Медленно, в целях исследования, спустился в подземный переход, где бежала, кипела толпа. Лица вспыхивали и гасли, как перегоравшие лампочки. Вдоль кафельной стены неровной чередой стояли пожилые торговцы. Протягивали банки с консервами, бутылки пива, сушеную воблу, пакеты с кашей. Зазывали, умоляли купить, ловили взгляды, жалко улыбались. В их подслеповатых запавших глазах была вина, жалоба, собачье непонимание. Они не могли объяснить ни себе, ни людям, почему так случилось, что они вынуждены в этот поздний час покинуть свои стариковские жилища, оказаться на опасных неуютных улицах и столь нелепым, непривычным способом добывать хлеб насущный. Белосельцев всматривался в их ветхие неопрятные одежды, грязные кошелки, в убогий заскорузлый товар. Ему казалось, он видит среди них свою старую мать, школьного учителя, известного в свое время писателя. Москва сжала свои каменные клещи, выдавила их, как косточки из фрукта, выбросила из квартир на улицы, выставила под люминесцентными лампами у заплеванных кафельных стен.
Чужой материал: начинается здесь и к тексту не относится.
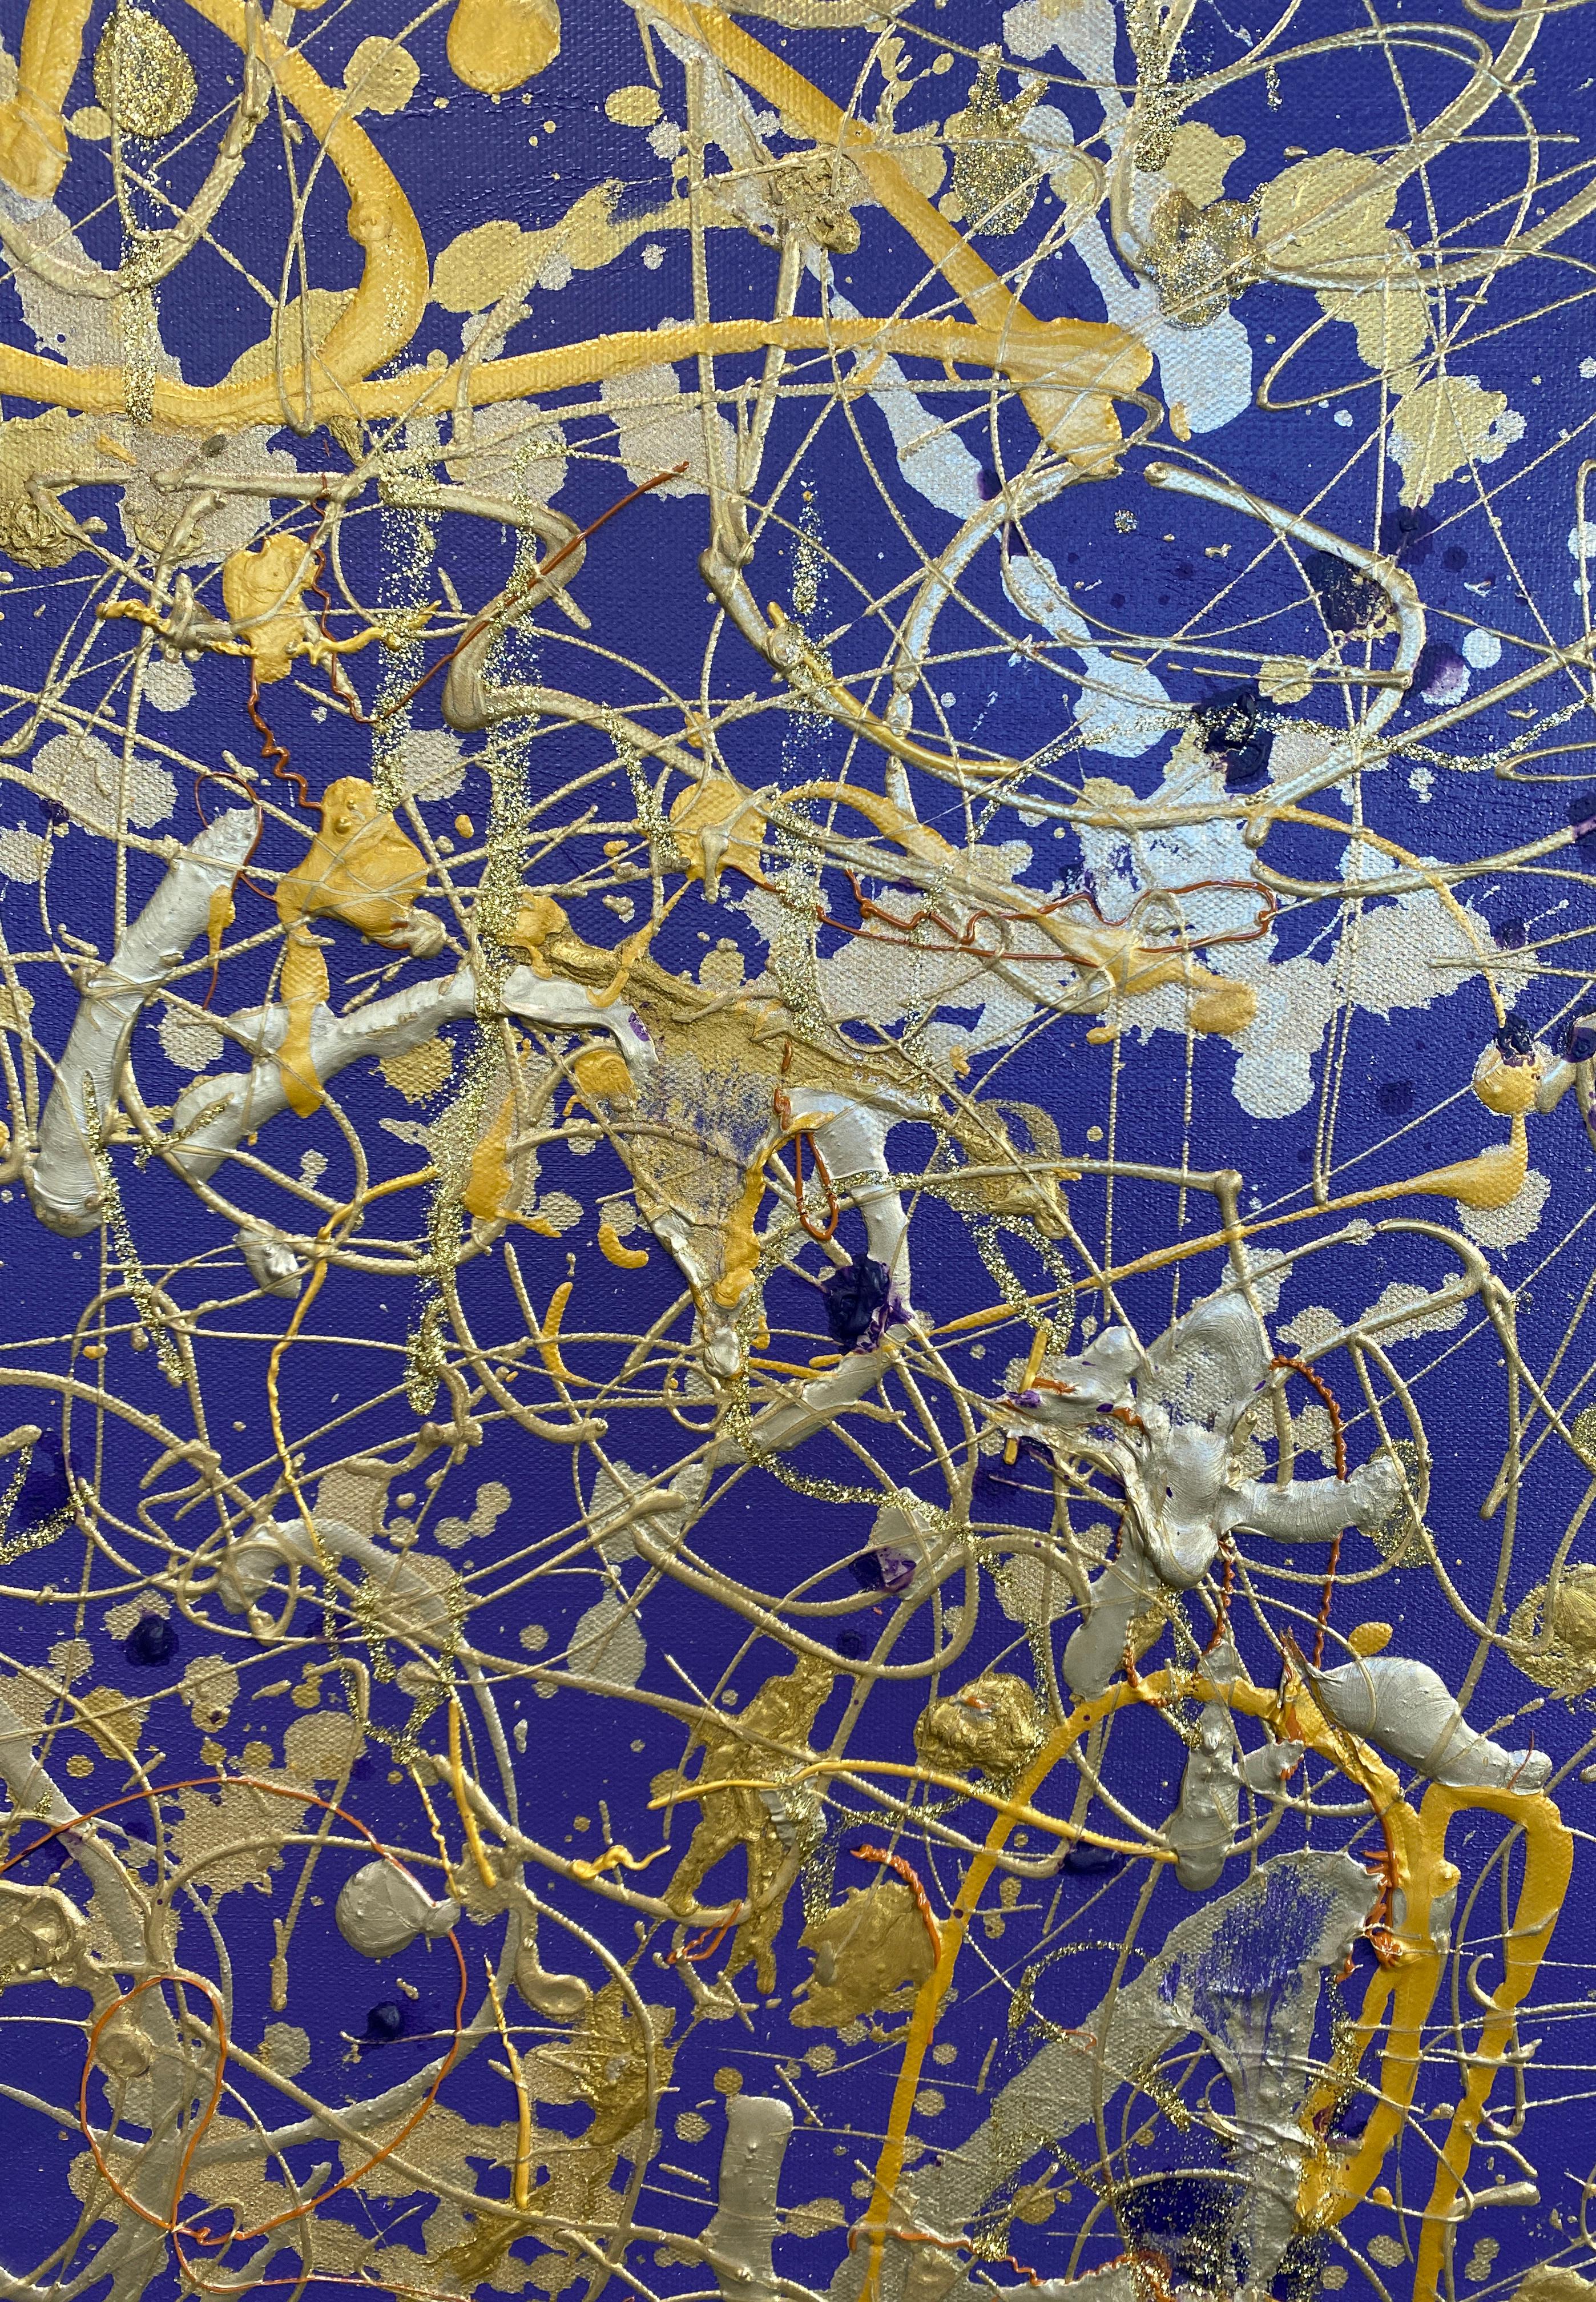 Purple Jewel Jackson Pollock Inspired Abstract Painting on Canvas 36x48

Он продолжал исследовать площадь, наблюдая теперь за нищими, как зоолог. Отмечал места их расселения, способы кормления, повадки и инстинкты. Нищие заселили площадь равномерно, разместились умно и расчетливо в людских потоках, обрабатывая эти потоки особым способом, добывая из них необильную, но постоянно поступающую добычу. Одни из них привлекали внимание обрубками рук и ног, в струпьях, болячках. Выставляли напоказ красные натертые клешни, деревянные протезы. Ловко и весело подхватывали падающие купюры. Другие повесили себе на грудь, разложили у нищенских шапок дешевые иконки, плакатики с безграмотно накорябанной просьбой. Привлекали прохожих идиотическим выражением лиц, слюнявыми пузырями на губах. Нищенки, закутанные в лохмотья, выкладывали напоказ грудных детей. Младенцы спали, словно их усыпили сонным зельем, лежали в комочках тряпья прямо на асфальте. Матери тянули к толпе фиолетовые грязные ладони, показывали худосочные груди с черными скрюченными сосками. Несколько нищих, завершив дневной сбор, сошлись на скамейке под фонарем, навалили грудой клеенчатые сумки, пили водку, делили добычу и ссорились.
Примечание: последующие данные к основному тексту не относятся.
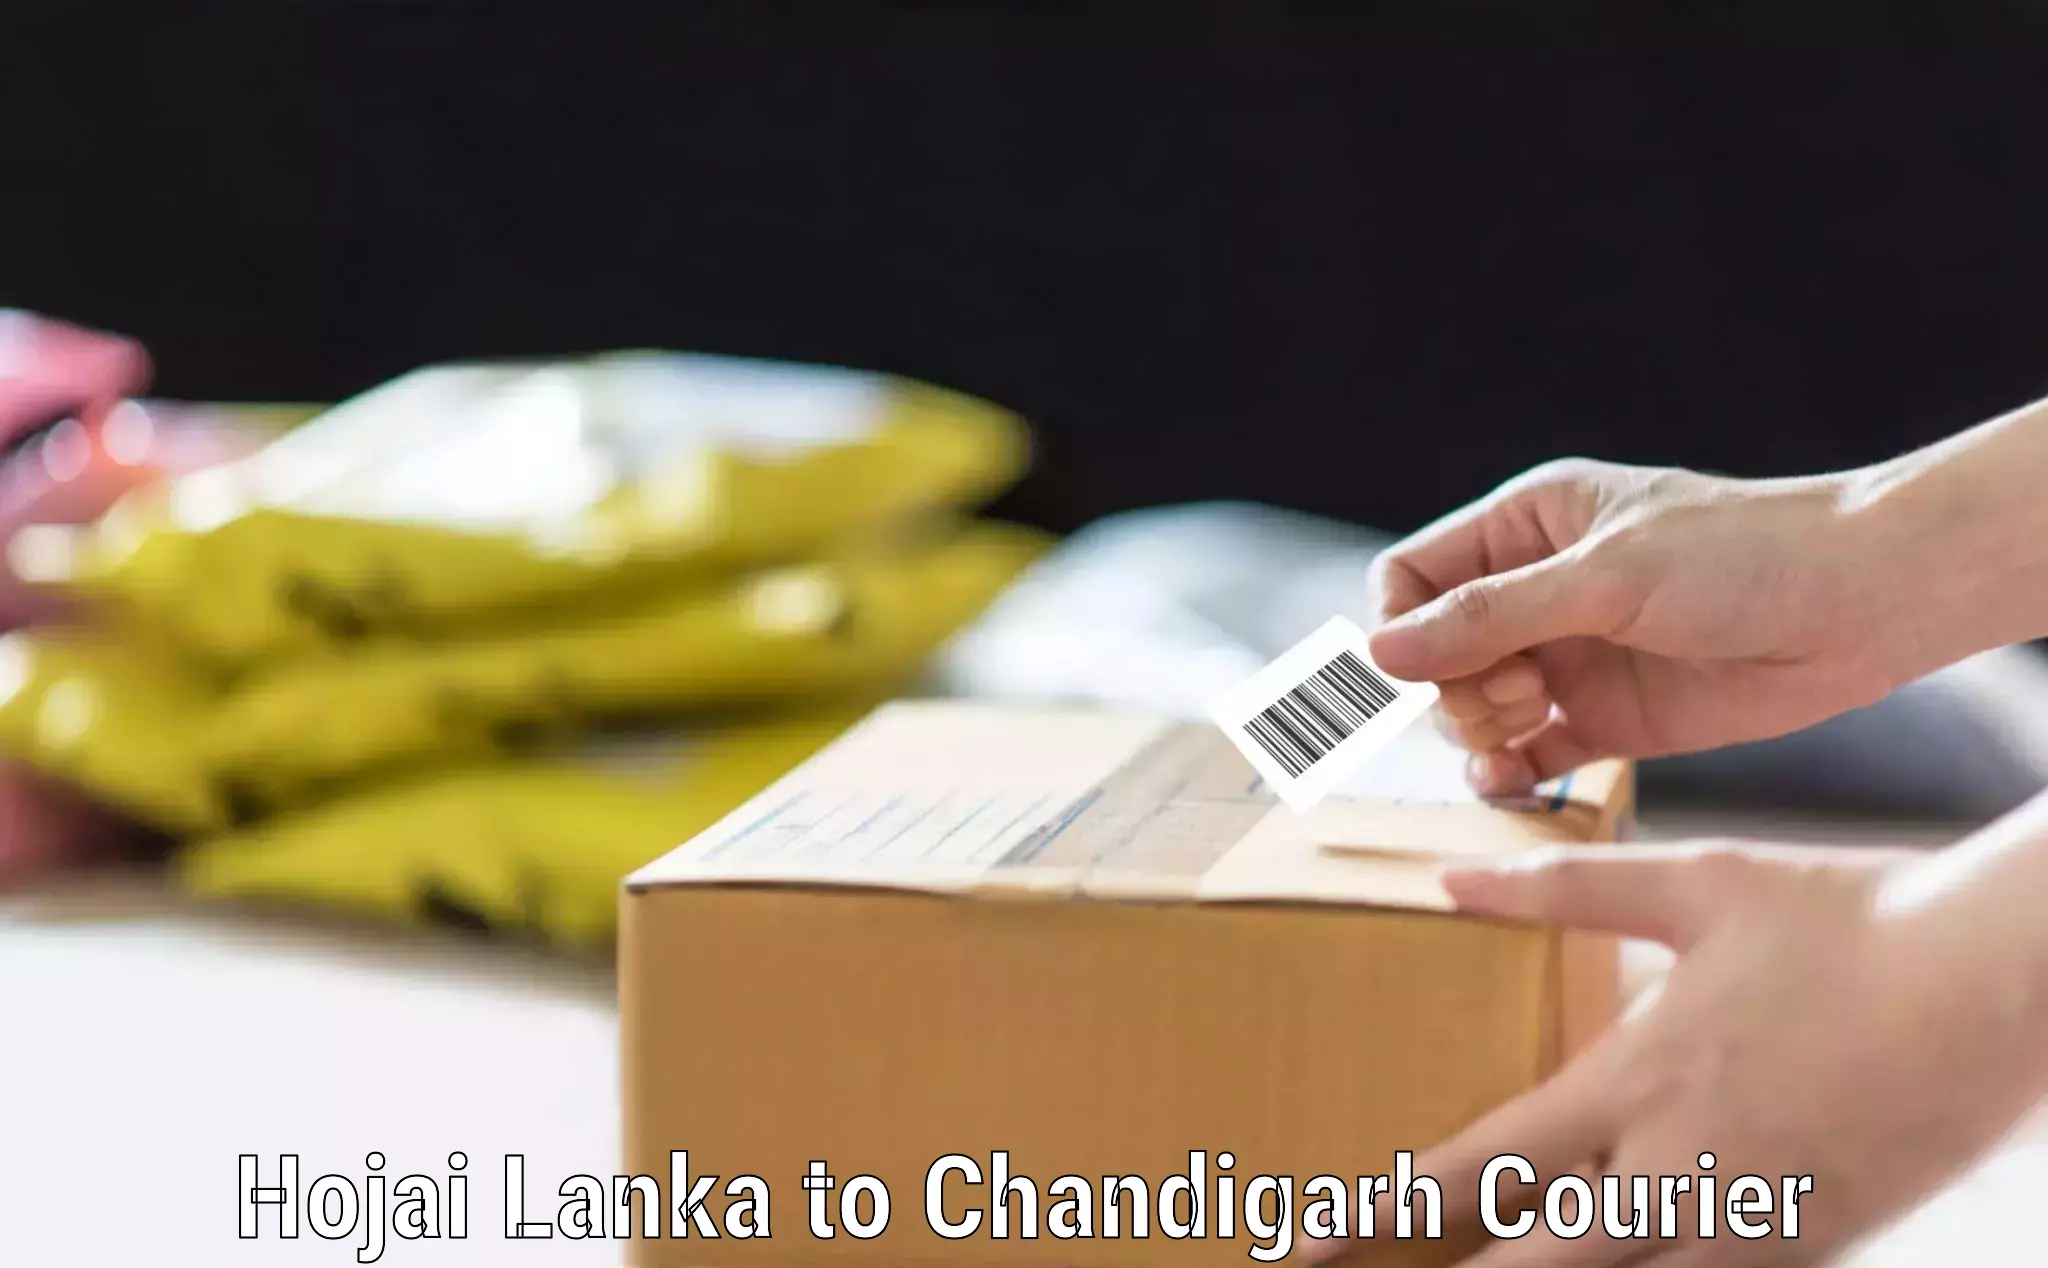 Quick luggage shipment Hojai Lanka to Chandigarh

Отдельно паслись на площади бомжи. Дождавшись сумерек, покидали свои дневные убежища, пугливо нежились в ртутном свете фонарей. Косматые, небритые, похожие на маленьких леших, в рубищах, в плесени помоек, в зеленоватом болотном иле сырых подвалов, они поражали Белосельцева красными трахомными глазами, хриплым кашлем, простуженным ядовитым дыханием. Опирались на заостренные палки, которыми защищались от бездомных собак, рылись в мусорных урнах, а во время жестоких внезапных ссор убивали друг друга, оставляя на газонах, в подъездах, в ночных переулках безымянные безвестные трупы.
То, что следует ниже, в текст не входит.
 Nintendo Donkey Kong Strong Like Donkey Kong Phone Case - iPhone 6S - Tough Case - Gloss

И вновь, совершив несколько кругов на поверхности, он опускался в подземный переход, в булькающий кипяток толпы. У телефонов-автоматов люди перекрикивали друг друга, сипели, надрывались, проклинали, обманывали, и все эти страсти погружались в пластмассовые трубки и железные ящики и скапливались там, как в мусорных урнах, откуда их увезет на свалку мусоровоз.

Тут же увивались наркоманы – прыщавые нервные девицы с пожелтелыми от курева зубами, испитые бритоголовые юноши в неопрятных ржавых одеждах. Одни посмеивались и пританцовывали в такт слышной им одним галлюциногенной музыки. Другие обморочно прислонились к стене, закатив пустые глаза. Третьи, сцепившись, слюнявили друг друга, целуясь. И вдруг все вместе, очнувшись, начинали истерически хохотать над каким-то фантастическим потешным видением – быть может, нищим с красной культей.

Белосельцев словно впервые все это видел. Страдание, которое он при этом испытывал, было меньше изумления. Эти существа появились там, где прежде обитали его сверстники, соседи, знакомые, привычные жители города. Теперь же эти пришельцы вытеснили его из привычной среды, отняли жизненное пространство, господствовали там, где раньше было ему хорошо и уютно. Отвратительные пришельцы закрепили за собой территорию, так же как закрепляют за собой территорию животные, метя ее зловонными струйками.

Он снова кружил по площади в поисках старинных следов. Все прежние, знакомые с детства очертания, фасады, вывески, фонари отступили в тень, скрылись под ворохом временных, дешевых, дразняще ярких и навязчивых знаков – реклам, мигающих витрин, муниципальных стоянок, подсвеченных арок. Образ площади изменился. Ее остывшее неживое лицо было словно покрыто белилами и румянами.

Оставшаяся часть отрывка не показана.